Given data:
_ _ _

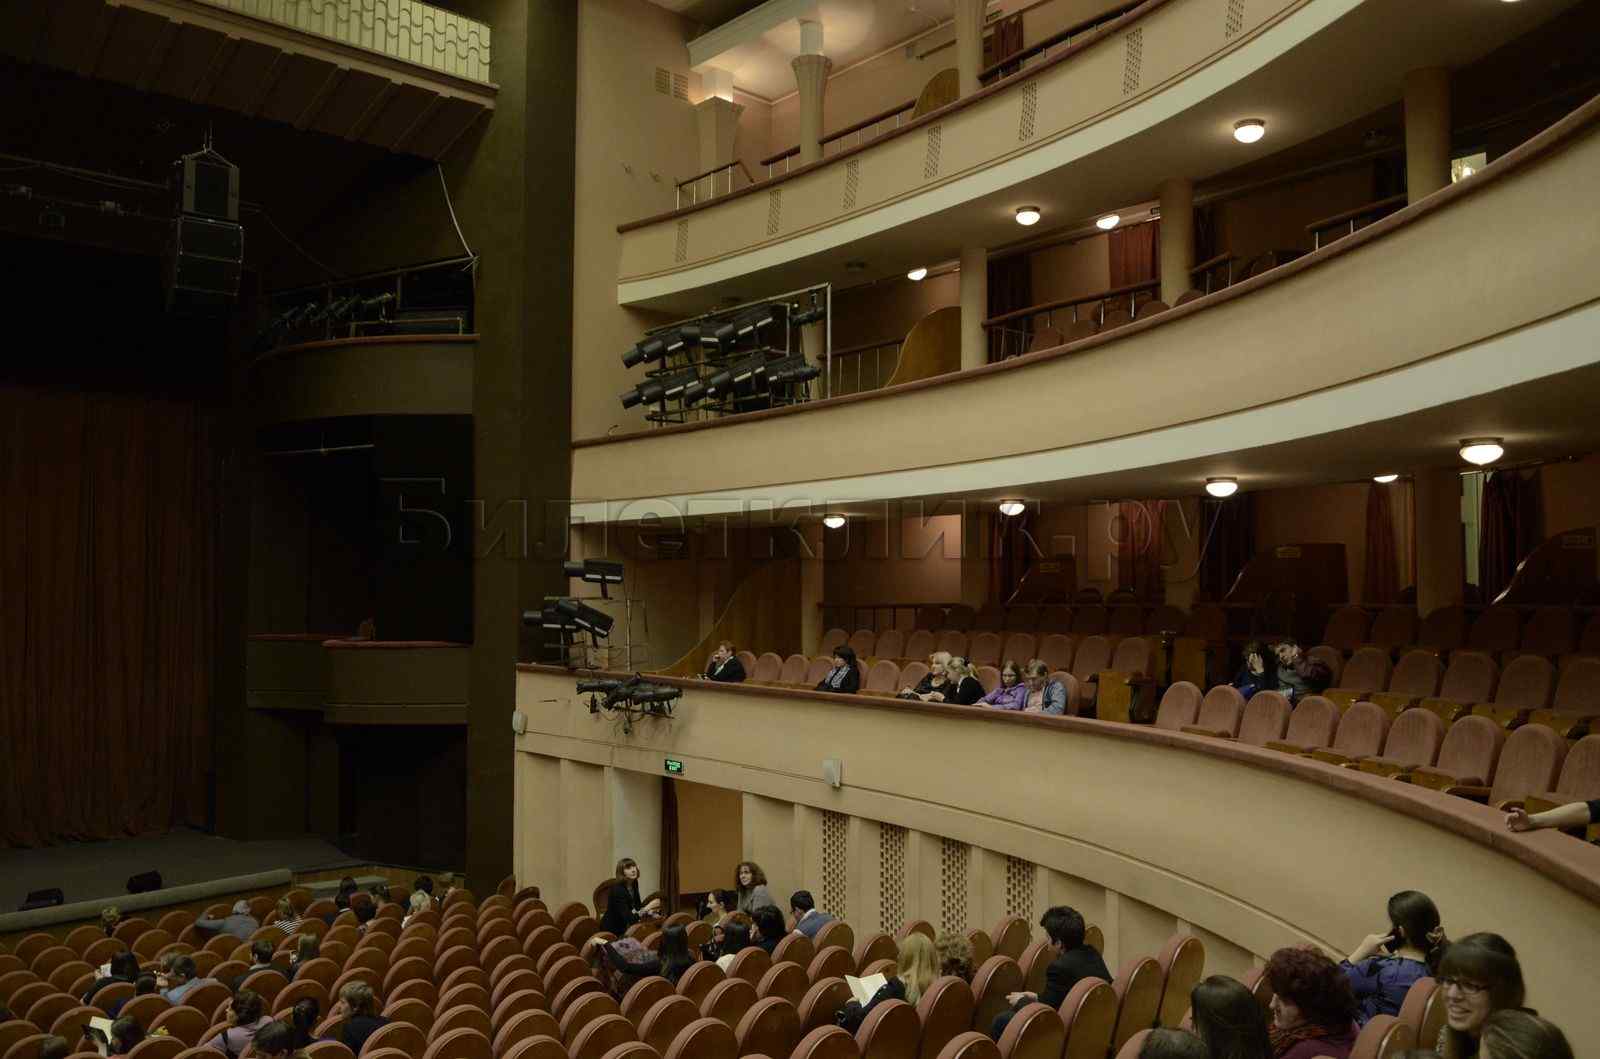 Театр Моссовета
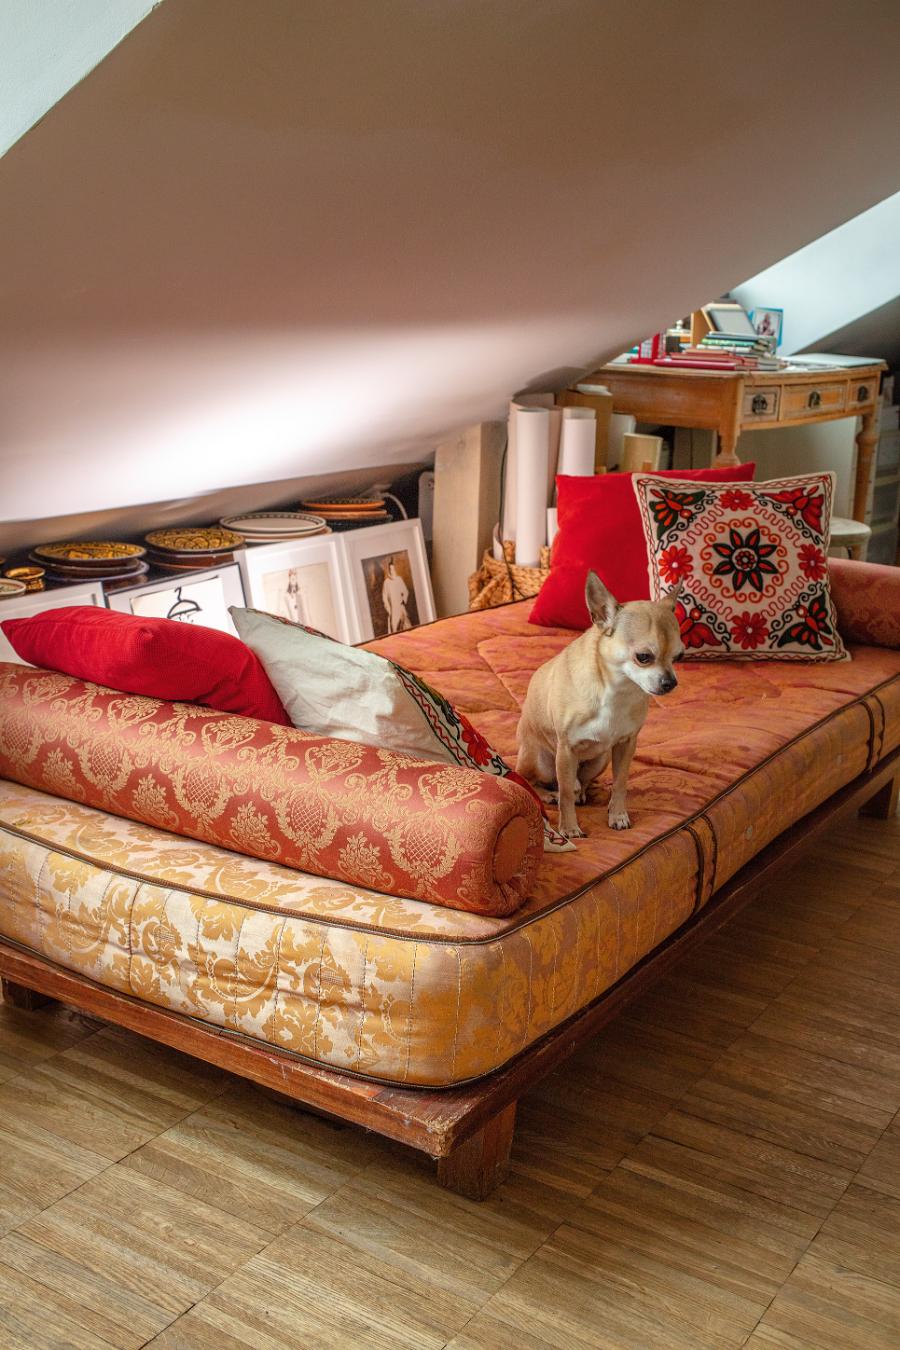 Secesyjna sofa to strefa relaksu. Na jej tapicerce wciąż widać ślady kota, ale teraz wypoczywa tu pies. (Fot. Robby Cyron)
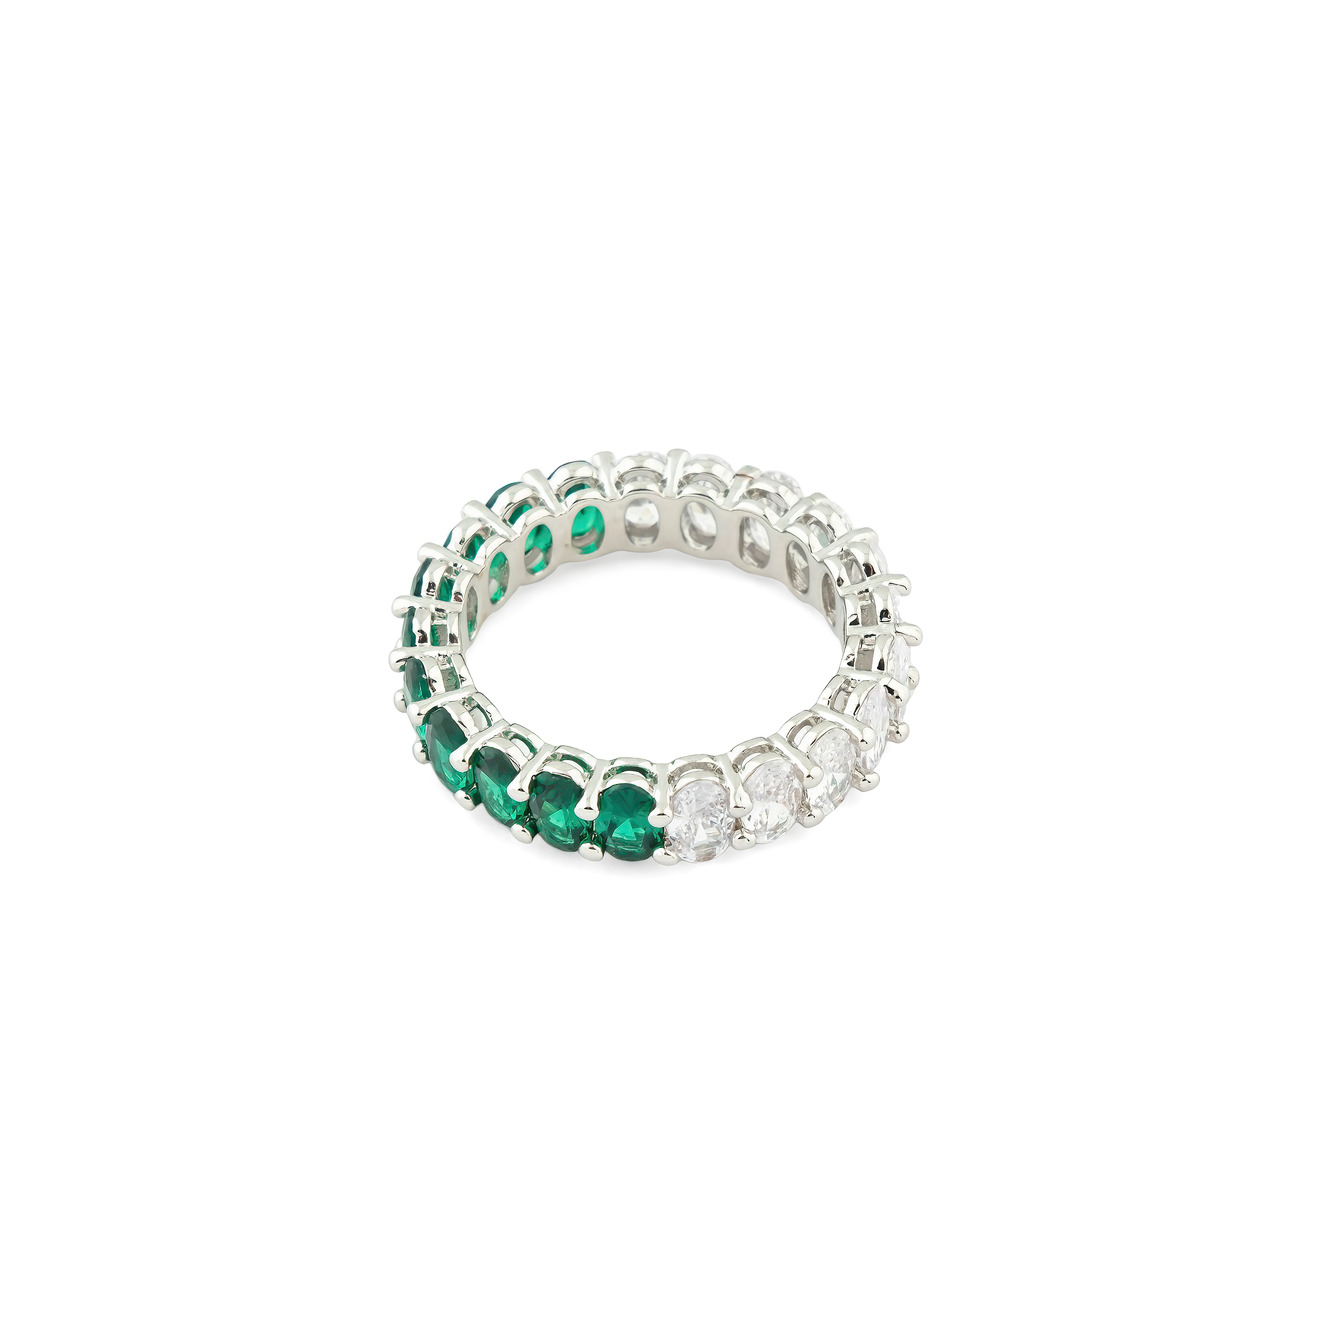 Herald Percy Серебристое кольцо с овалами белых и зеленых кристаллов

_ _ _

Problem to work on: Everything from the line containing "Secesyjna sofa to" to the final line of the listing above, both ends included, should be transcribed word for word, except for the pictures.

Exercise output:
 Secesyjna sofa to strefa relaksu. Na jej tapicerce wciąż widać ślady kota, ale teraz wypoczywa tu pies. (Fot. Robby Cyron)
 Herald Percy Серебристое кольцо с овалами белых и зеленых кристаллов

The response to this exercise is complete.